Yes but interestingly it's also somewhat calming because the "winners" tend to see winning as the goal. Maliciously changing facts is almost never their goal because Wikipedia itself is their main (maybe obsessive) focus. It might not be good for them but it's not that dangerous for us readers.
That just means they are enforcing their biases on the information. Winning doesn't mean they got it correct, just that they achieved control of the narrative.
That's going to push the means of winning to editing towards the collective biases of the majority of wikipedia editors. Just consider the fact that at various times in our history that commonly accepted knowledge was that the Earth was flat, the Sun, Moon and Stars revolved around it and that slaves were property instead of people.
Effectively this is a proof that mob-sourced information tends towards the mob's interpretation of information and is not necessarily the truth.
I think a lot of people reading Wikipedia forget this and makes me disagree with your last statement -- there's a high potential for danger to the reader if the prevailing mob opinion is outwardly destructive or self-destructive.
That's just what encyclopedias are though, the collective mentality of it's editors, their ideology, so to speak.
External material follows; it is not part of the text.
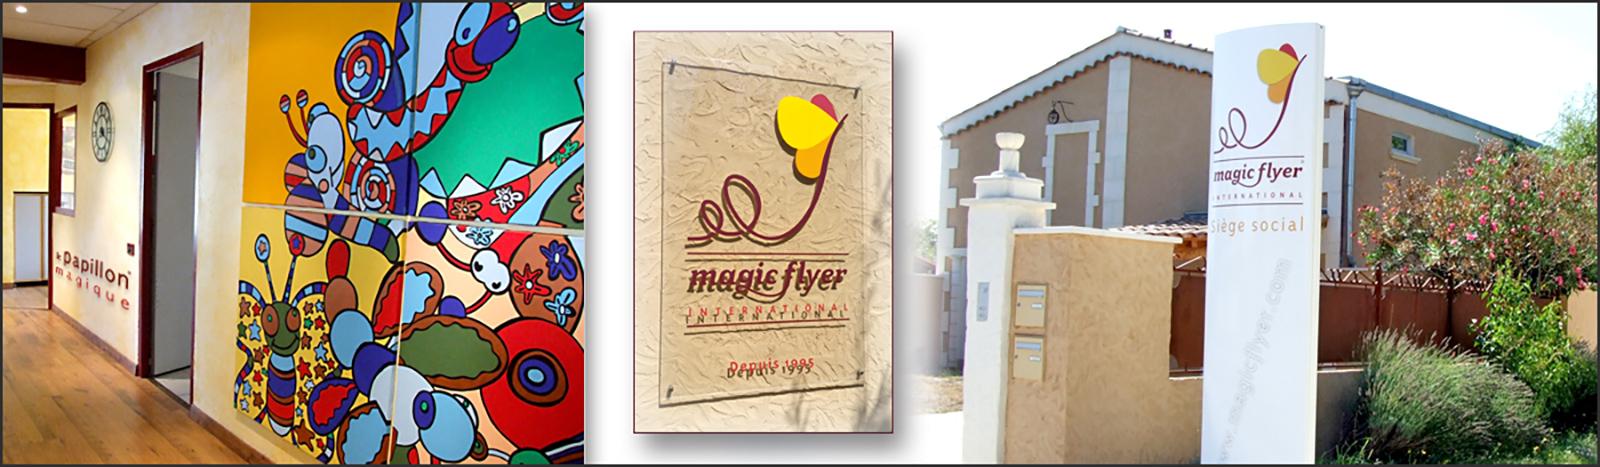 Magic Flyer International, Magic Butterfly

You were never free to just consume encyclopedias, they were always meant to be understood in the context of their creation. What makes Wikipedia different from its competitors is the sheer diversity of editors contributing.
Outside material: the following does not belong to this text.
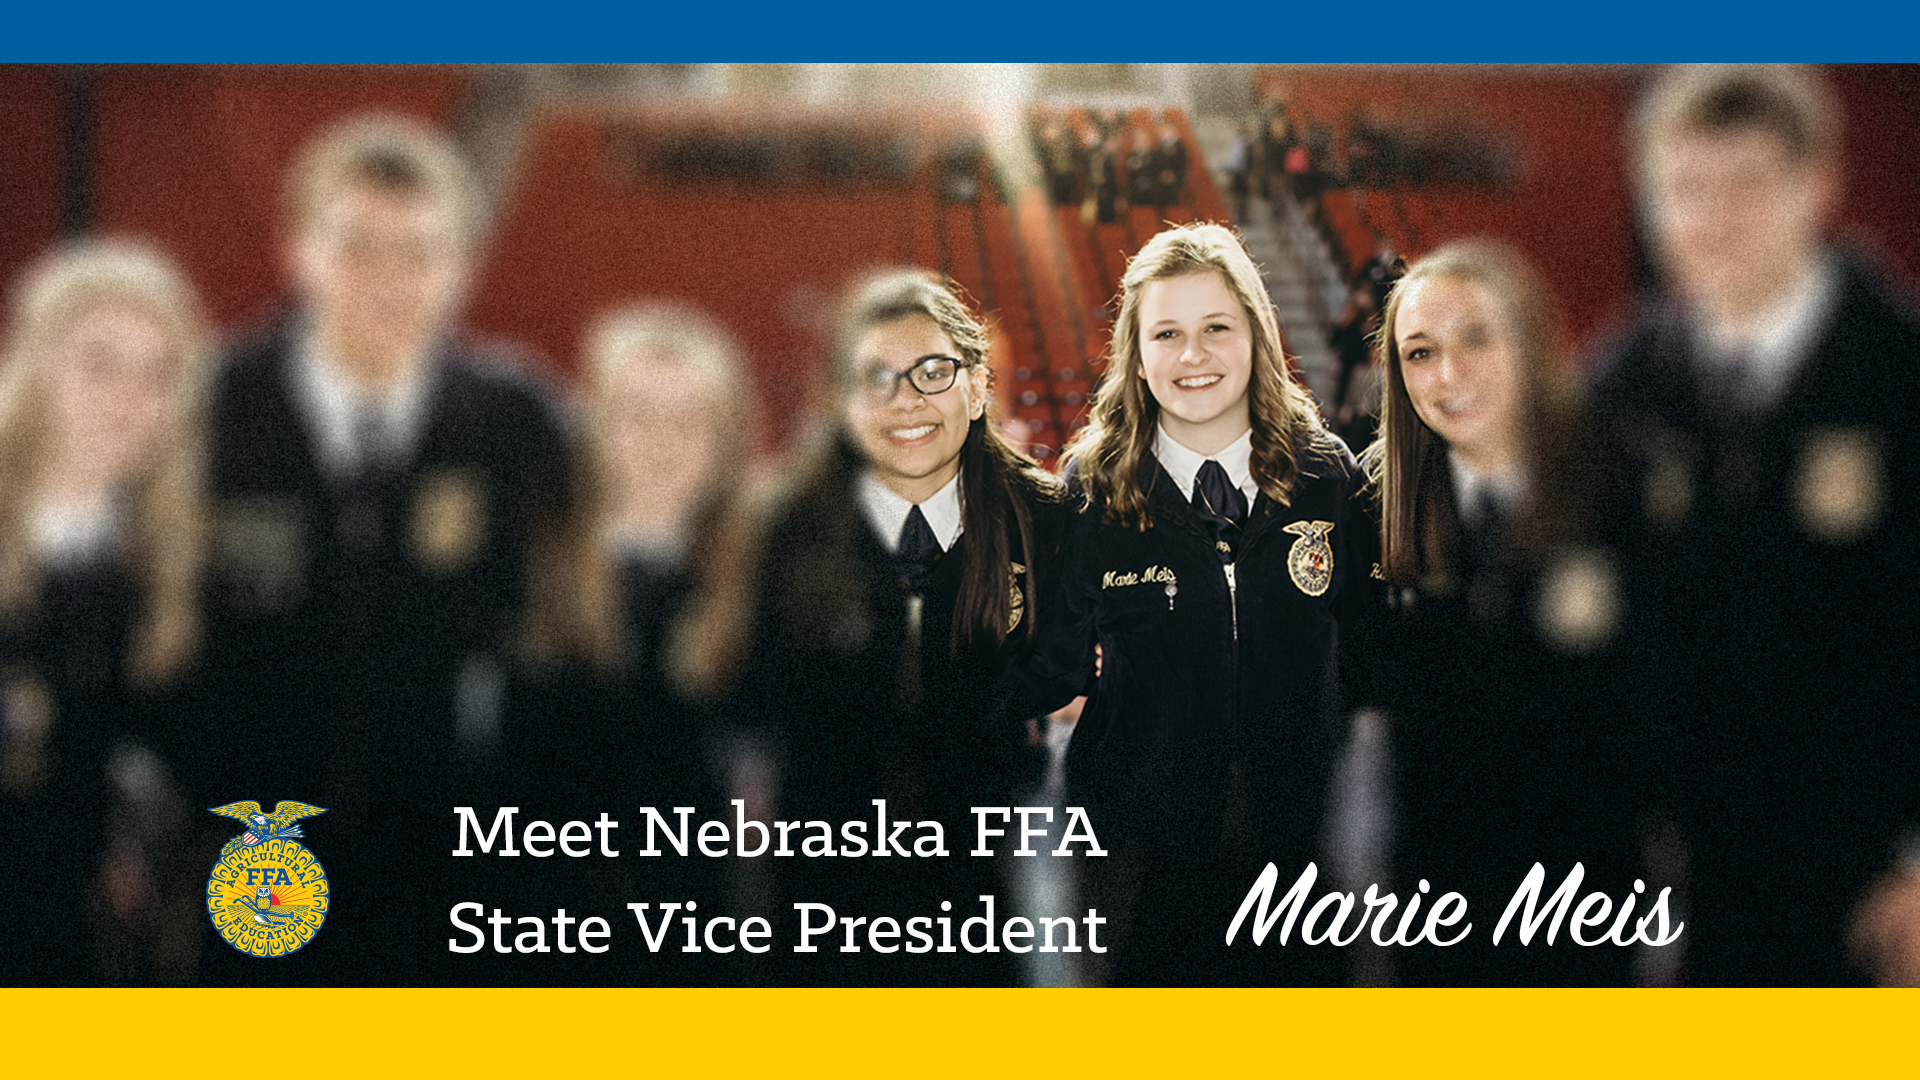 Meet Your 2018-19 Nebraska FFA Vice President: Marie Meis

Encyclopedias usually have lots of competition, outside of niche areas.
Wikis sort of have this backwards. There's lots of competition in the niches but there's not much competition with Wikipedia itself. The risk is in it being a singular body of knowledge.
Sure, that's a good point and I absolutely agree that Wikipedia will neither be unbiased nor always very accurate. My idea was simply to refute the statement that somebody actively controls the world's knowledge in intentionally malicious ways, which would imo be worse than unwillingly reproducing your own biases.
Bias is inherent to the Wikipedia model, at least if you view its content as simply facts. It's not so much a collection of facts as it is a collection of statements corroborated by published sources.